▶ Brief
Output all of the lines below exactly, and leave out each image.

▶ Data segment

----

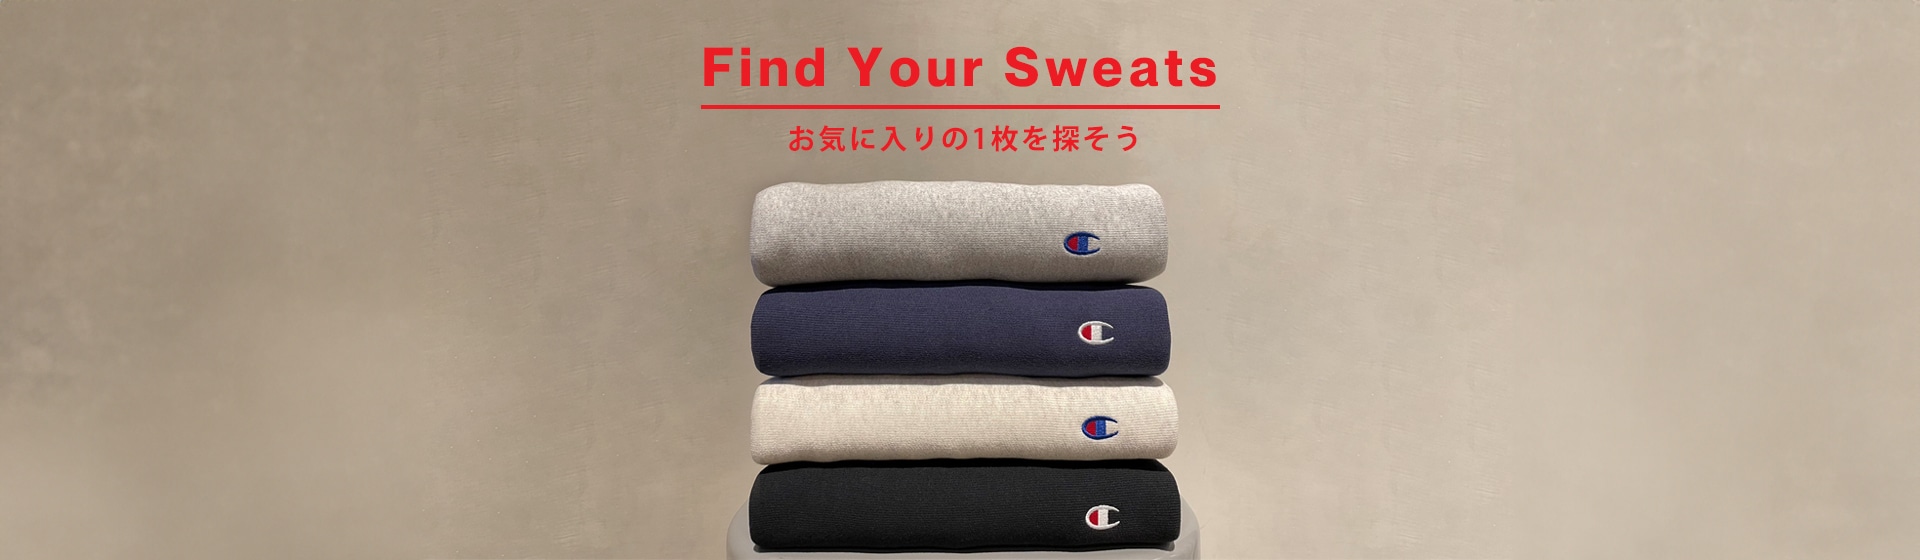 Find Your Sweats
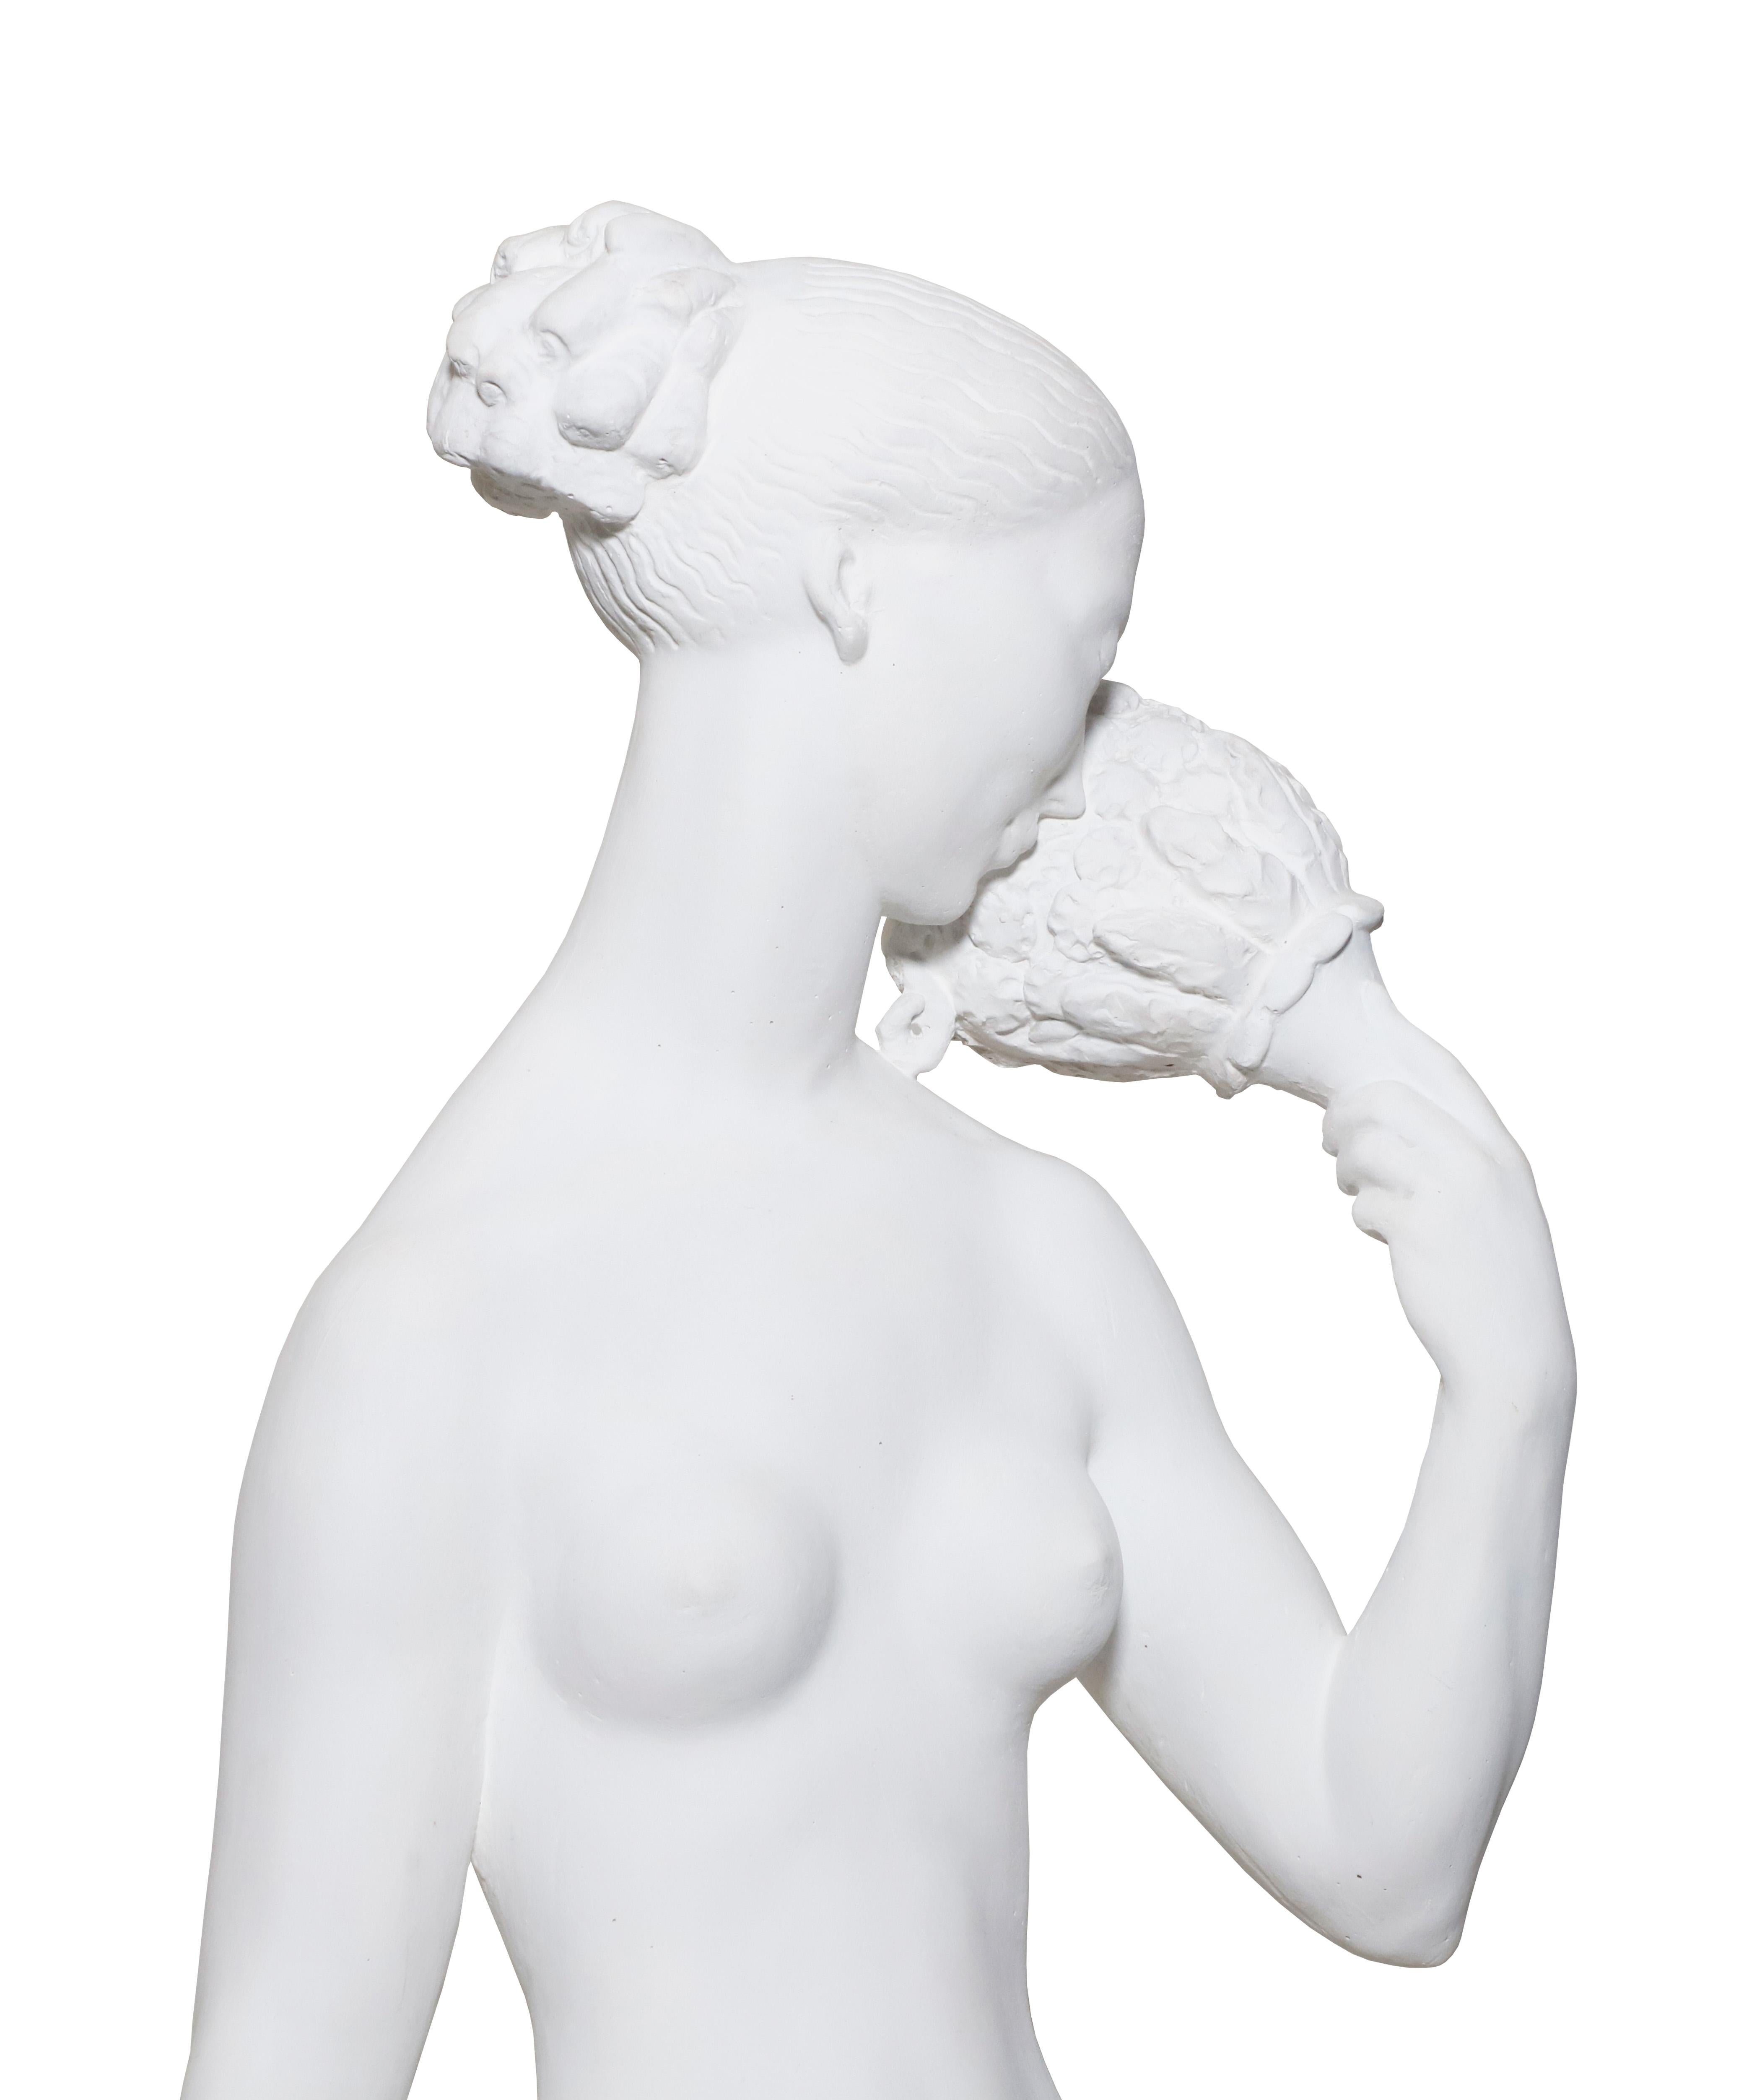 Plaster sculpture by the well known Swedish sculptor Carl Milles, circa 1920s. Detalailed sculpture of a naked women and a dog. 

Property from esteemed interior designer Juan Montoya. Juan Montoya is one of the most acclaimed and prolific
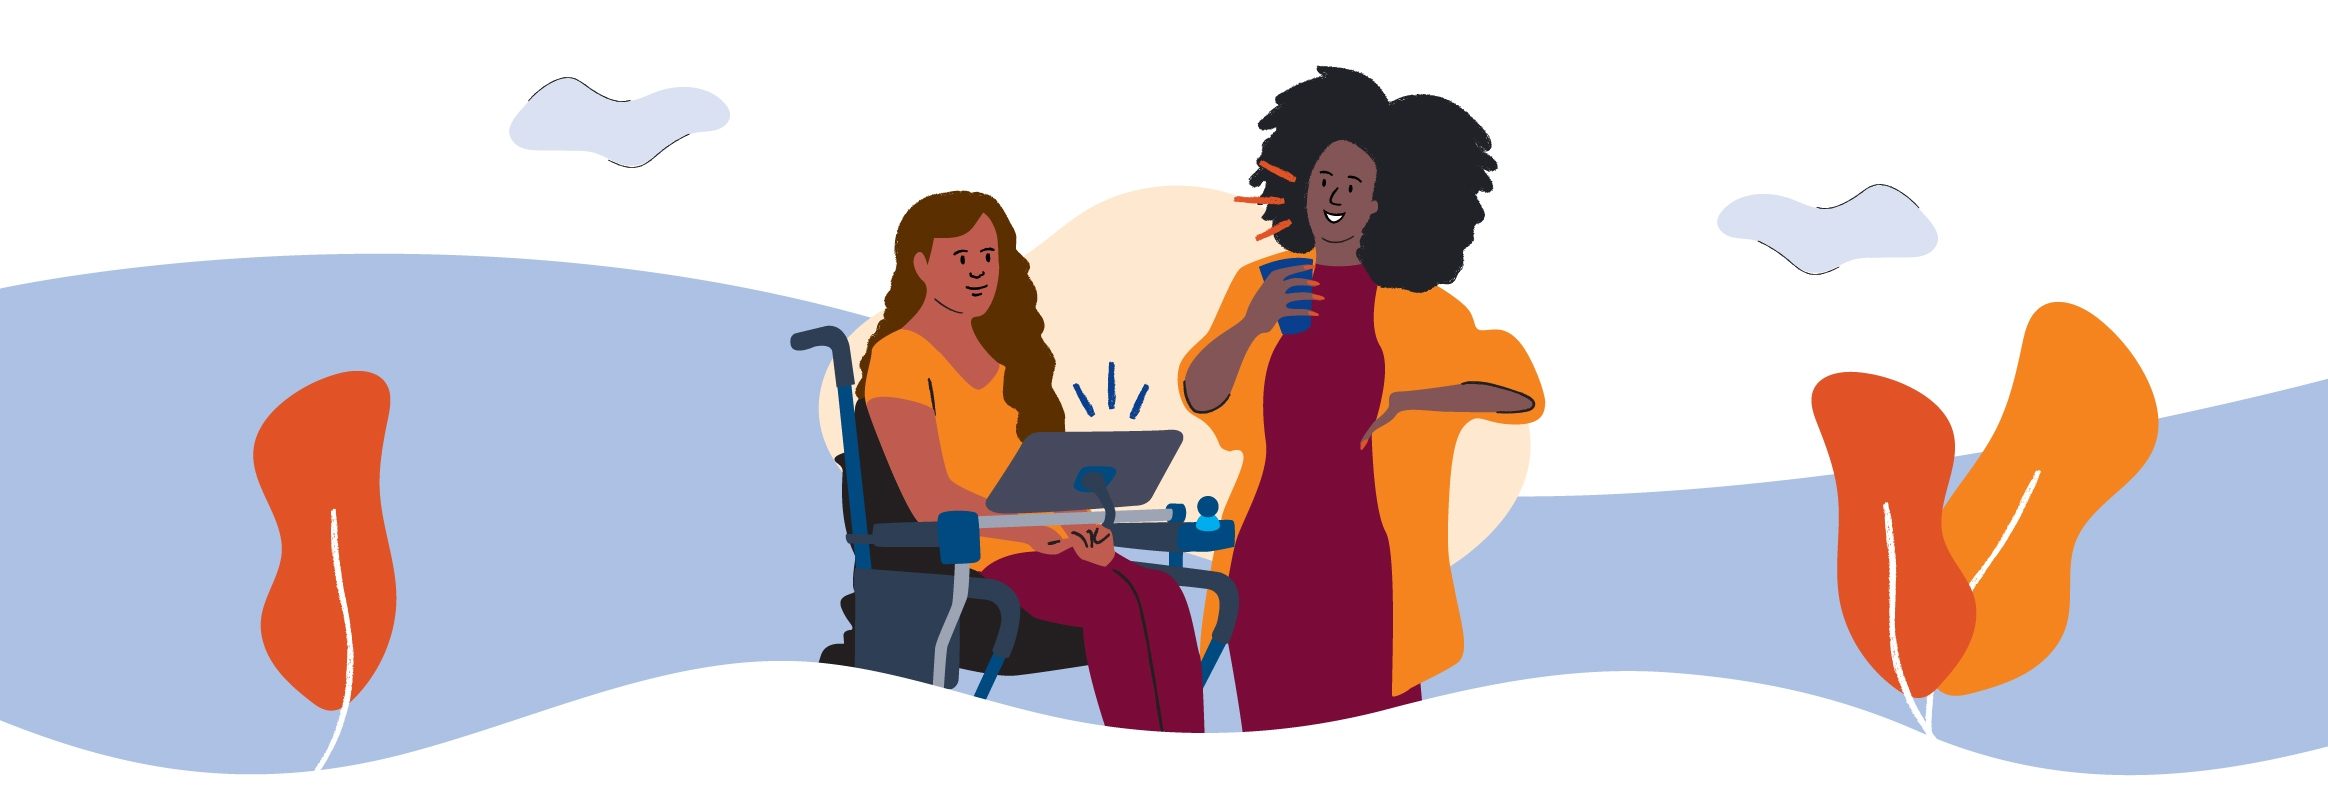 Two black women talking. One is in wheel chair using an iPad to talk. The other one is standing, chatting with the wheelchair user and holding a cup

----

▶ Solved exercise
 Find Your Sweats
 Plaster sculpture by the well known Swedish sculptor Carl Milles, circa 1920s. Detalailed sculpture of a naked women and a dog. 

Property from esteemed interior designer Juan Montoya. Juan Montoya is one of the most acclaimed and prolific
 Two black women talking. One is in wheel chair using an iPad to talk. The other one is standing, chatting with the wheelchair user and holding a cup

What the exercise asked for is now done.